• TASK GOAL
Could you return the data that follows exactly, minus the images?

• AVAILABLE DATA
_____
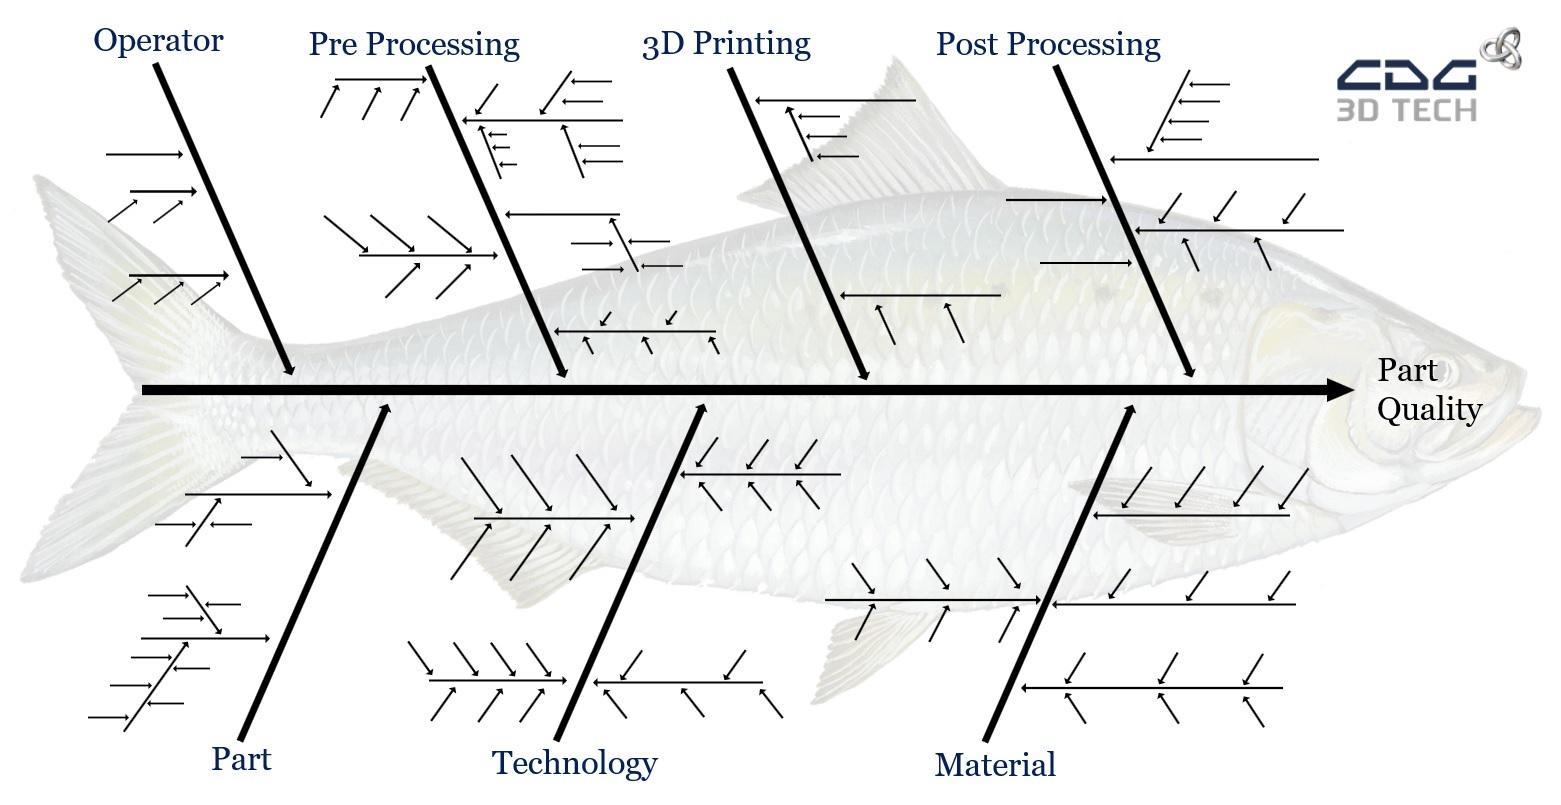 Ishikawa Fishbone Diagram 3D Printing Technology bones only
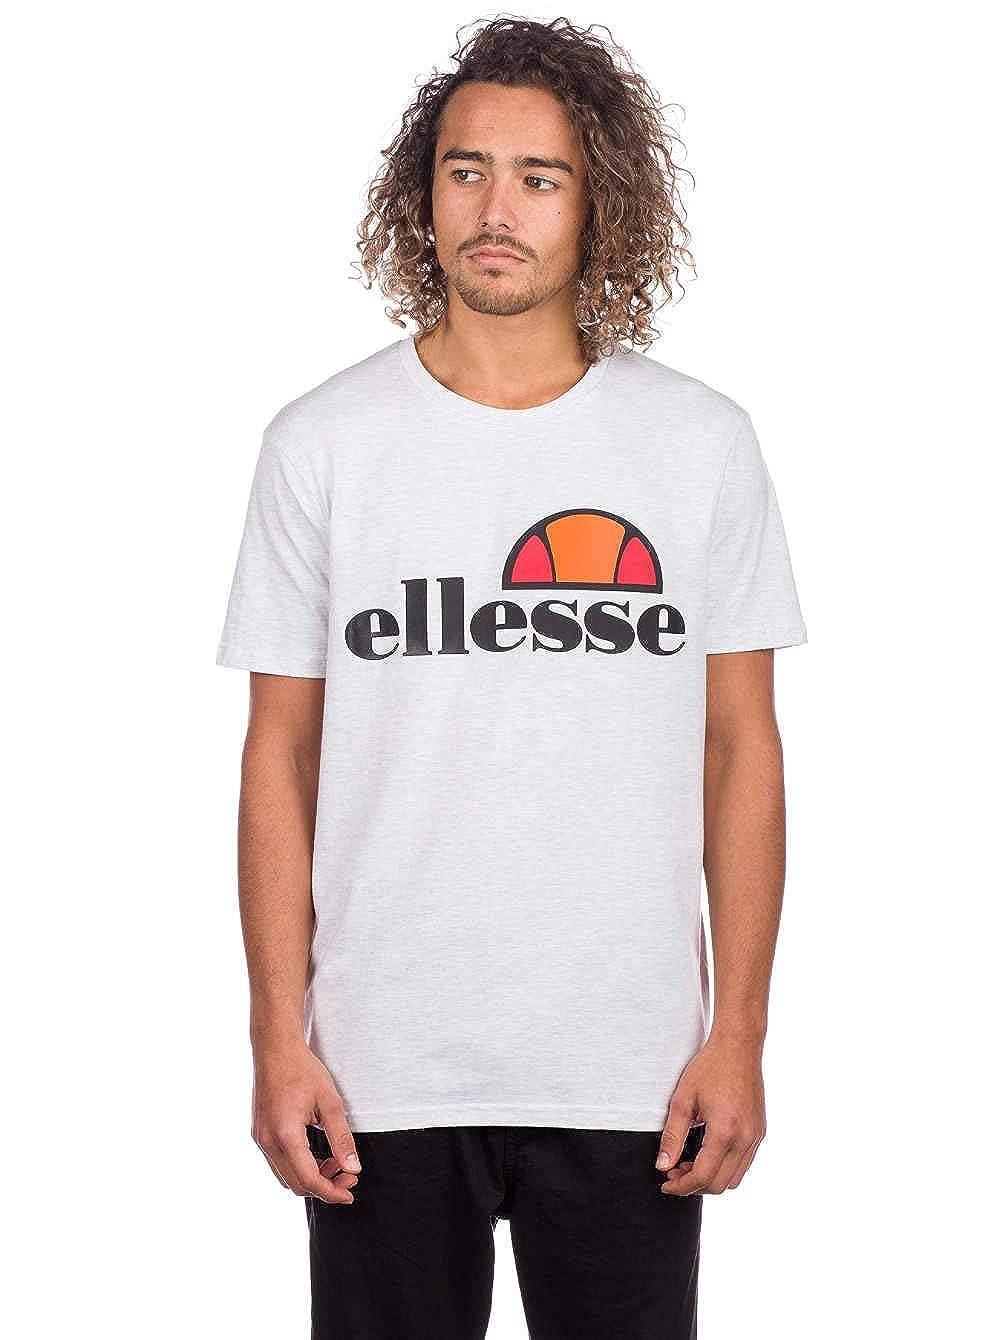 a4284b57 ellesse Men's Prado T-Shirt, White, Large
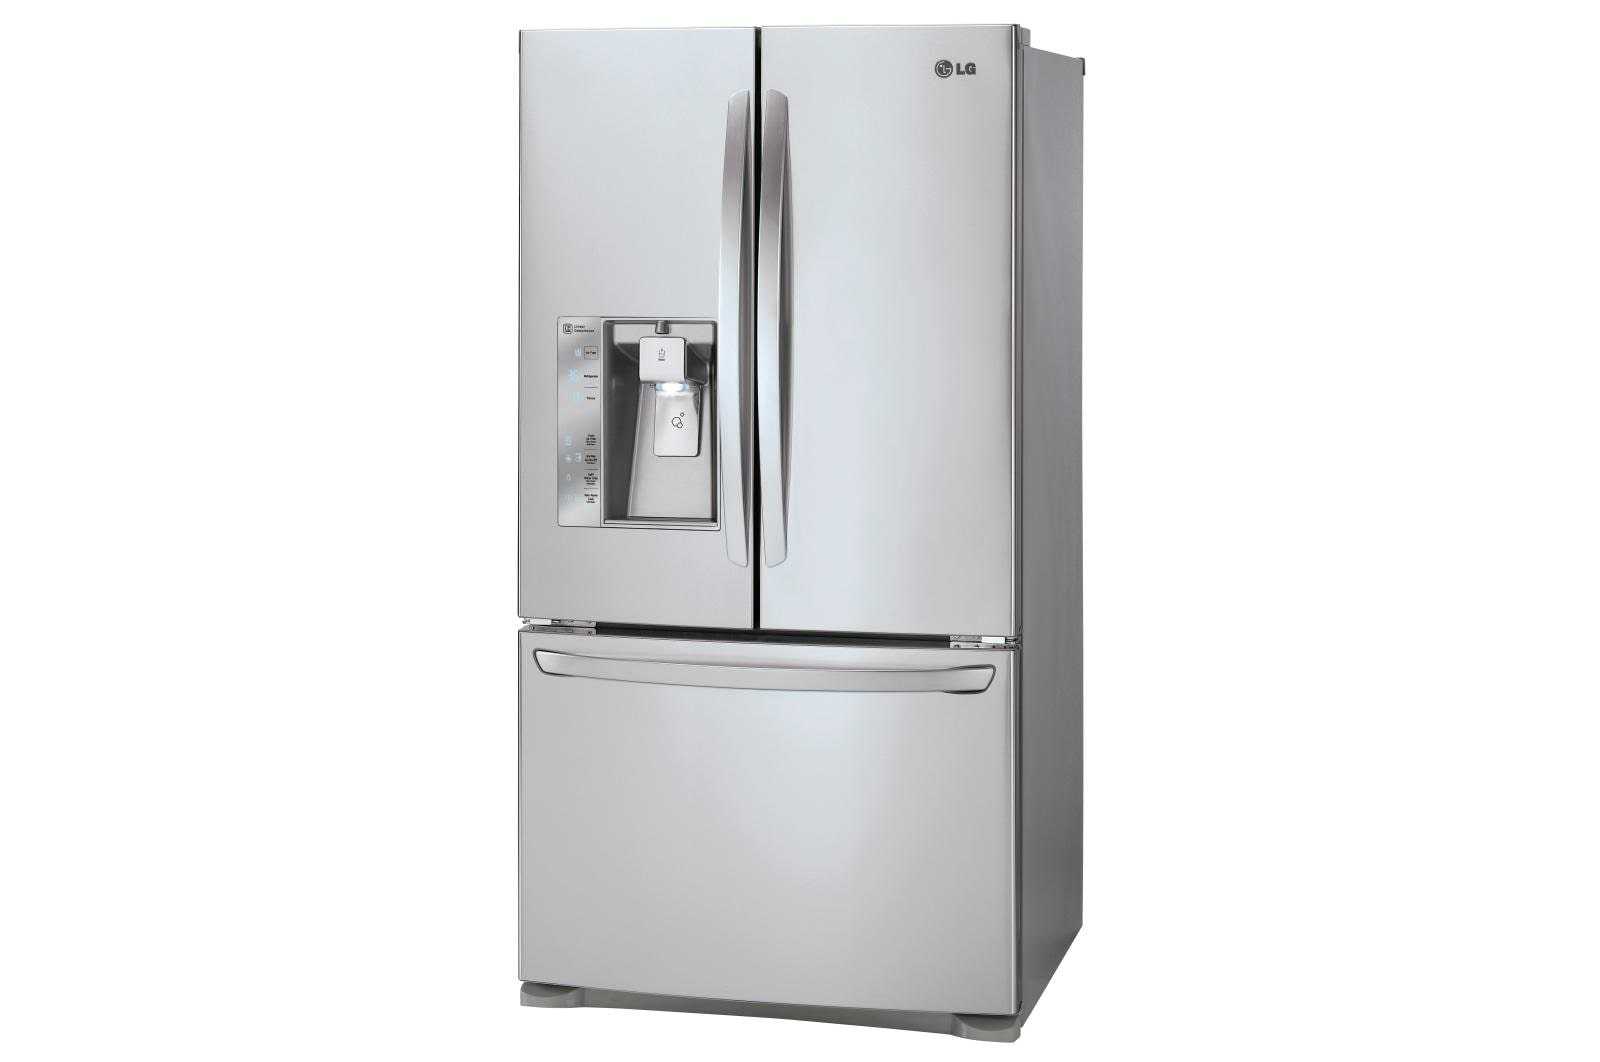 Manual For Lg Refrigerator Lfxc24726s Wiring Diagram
_____
• WRITTEN REPLY
 Ishikawa Fishbone Diagram 3D Printing Technology bones only
 a4284b57 ellesse Men's Prado T-Shirt, White, Large
 Manual For Lg Refrigerator Lfxc24726s Wiring Diagram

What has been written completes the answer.